== How to complete this task ==
Repeat exactly the lines of the records below, starting at the line containing "NICETOWN 100% Blackout" and ending at the line containing "Old Spice Body". Leave the pictures out.

== Input for this task ==
-------
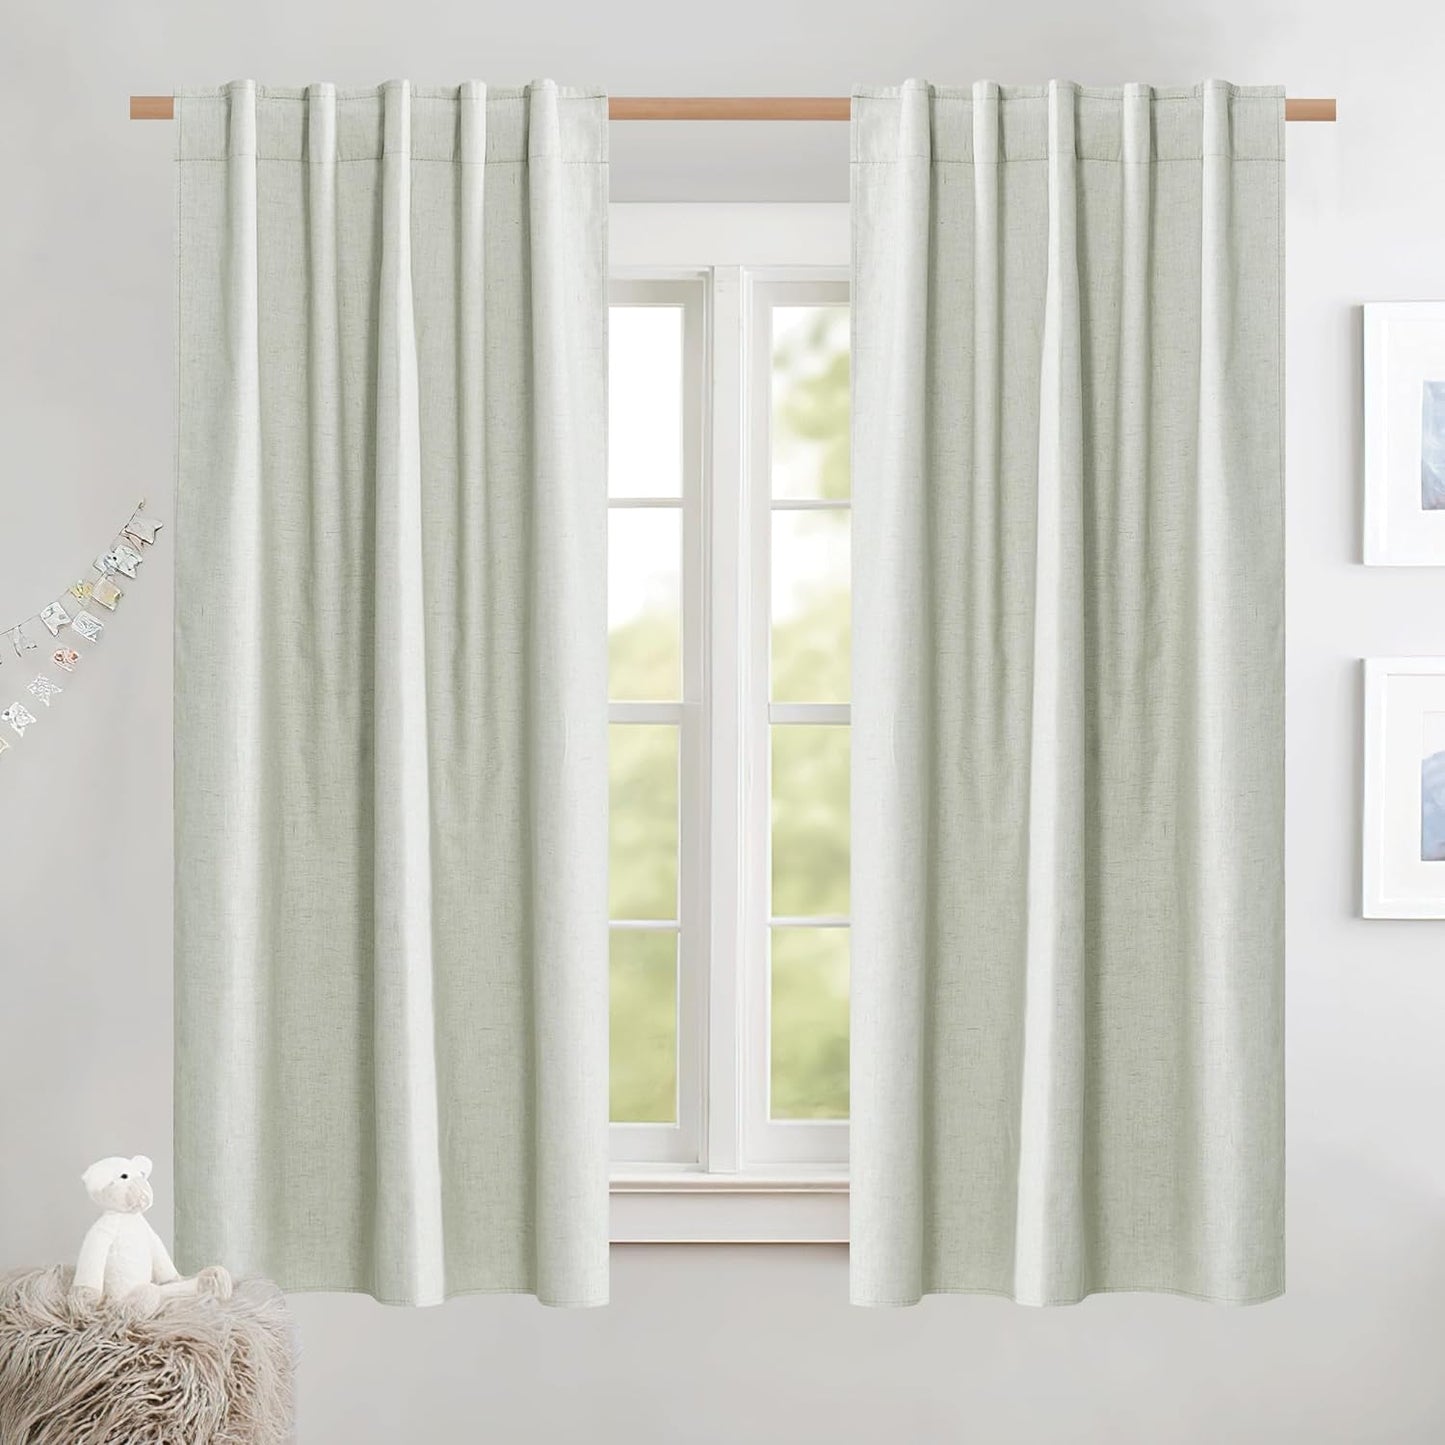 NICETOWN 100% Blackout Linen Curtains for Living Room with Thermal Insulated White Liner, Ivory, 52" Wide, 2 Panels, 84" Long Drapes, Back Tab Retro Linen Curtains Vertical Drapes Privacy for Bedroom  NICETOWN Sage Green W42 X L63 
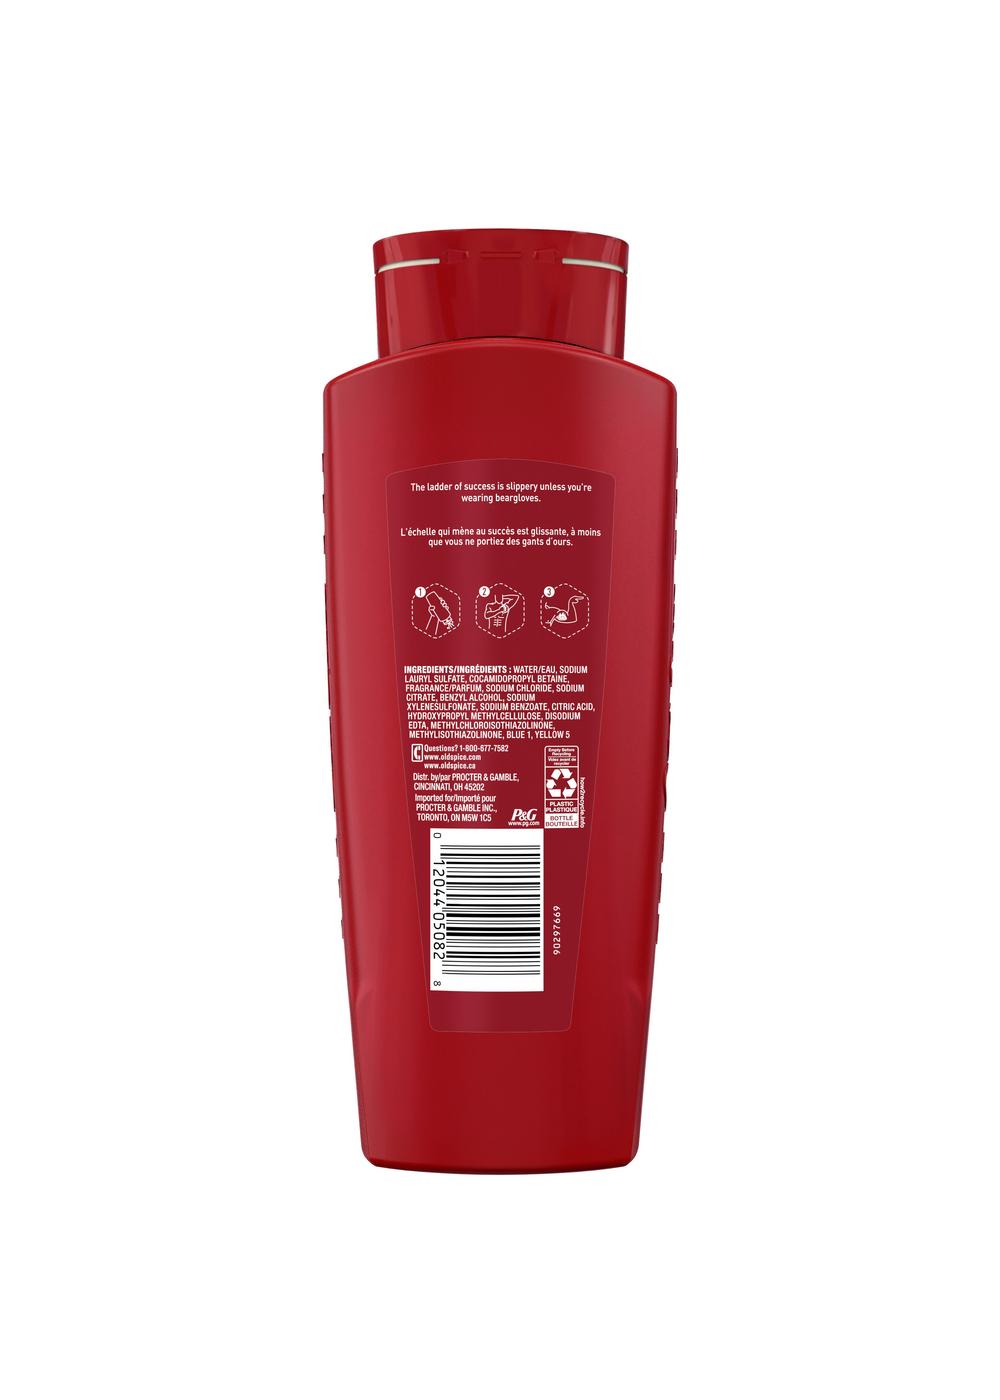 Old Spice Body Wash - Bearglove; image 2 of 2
-------
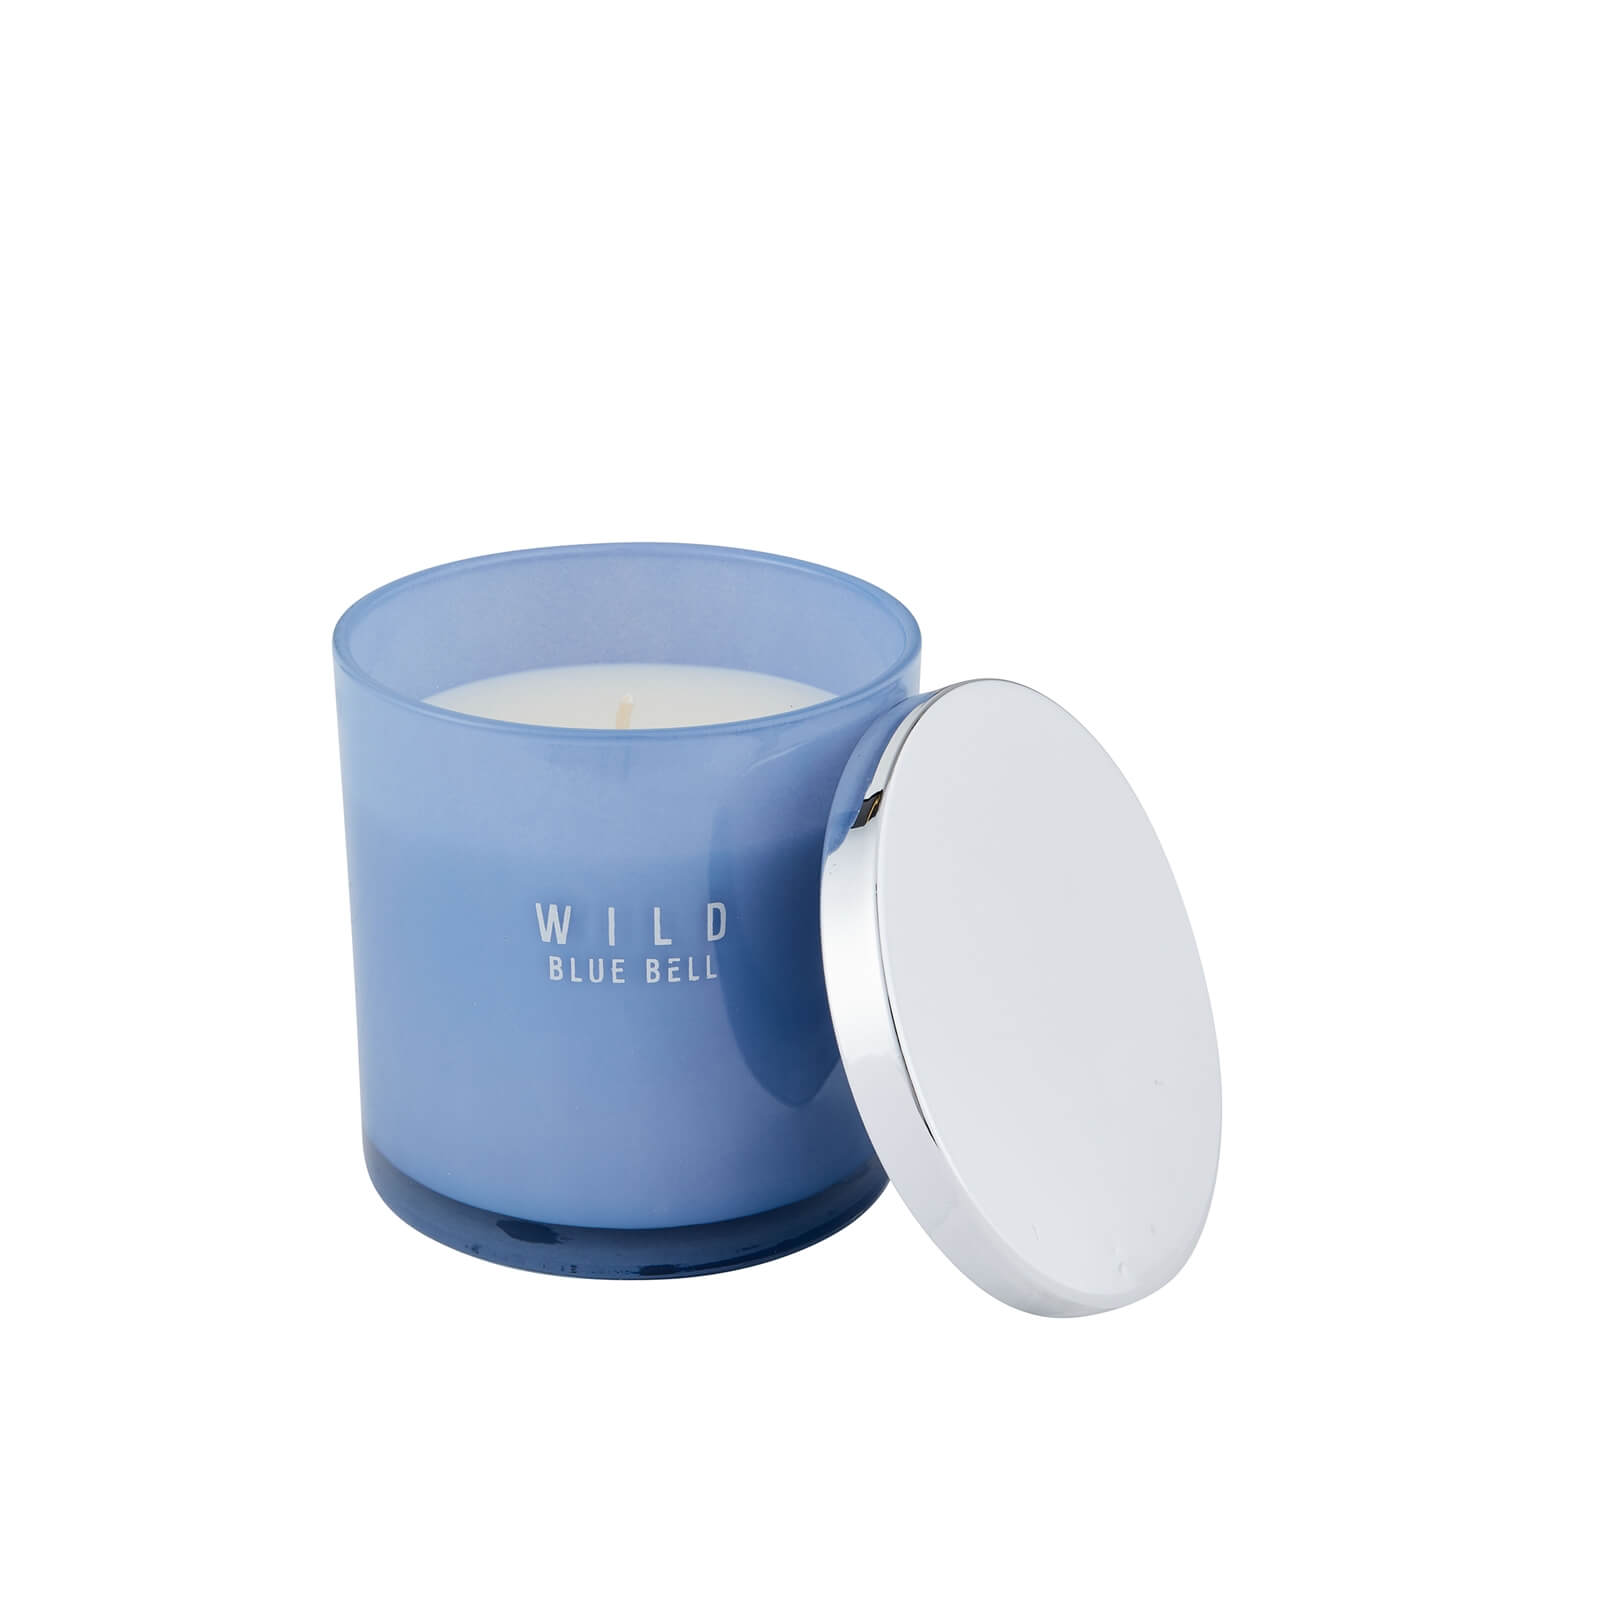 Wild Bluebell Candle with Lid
-------
== Solved exercise ==
 NICETOWN 100% Blackout Linen Curtains for Living Room with Thermal Insulated White Liner, Ivory, 52" Wide, 2 Panels, 84" Long Drapes, Back Tab Retro Linen Curtains Vertical Drapes Privacy for Bedroom  NICETOWN Sage Green W42 X L63 
 Old Spice Body Wash - Bearglove; image 2 of 2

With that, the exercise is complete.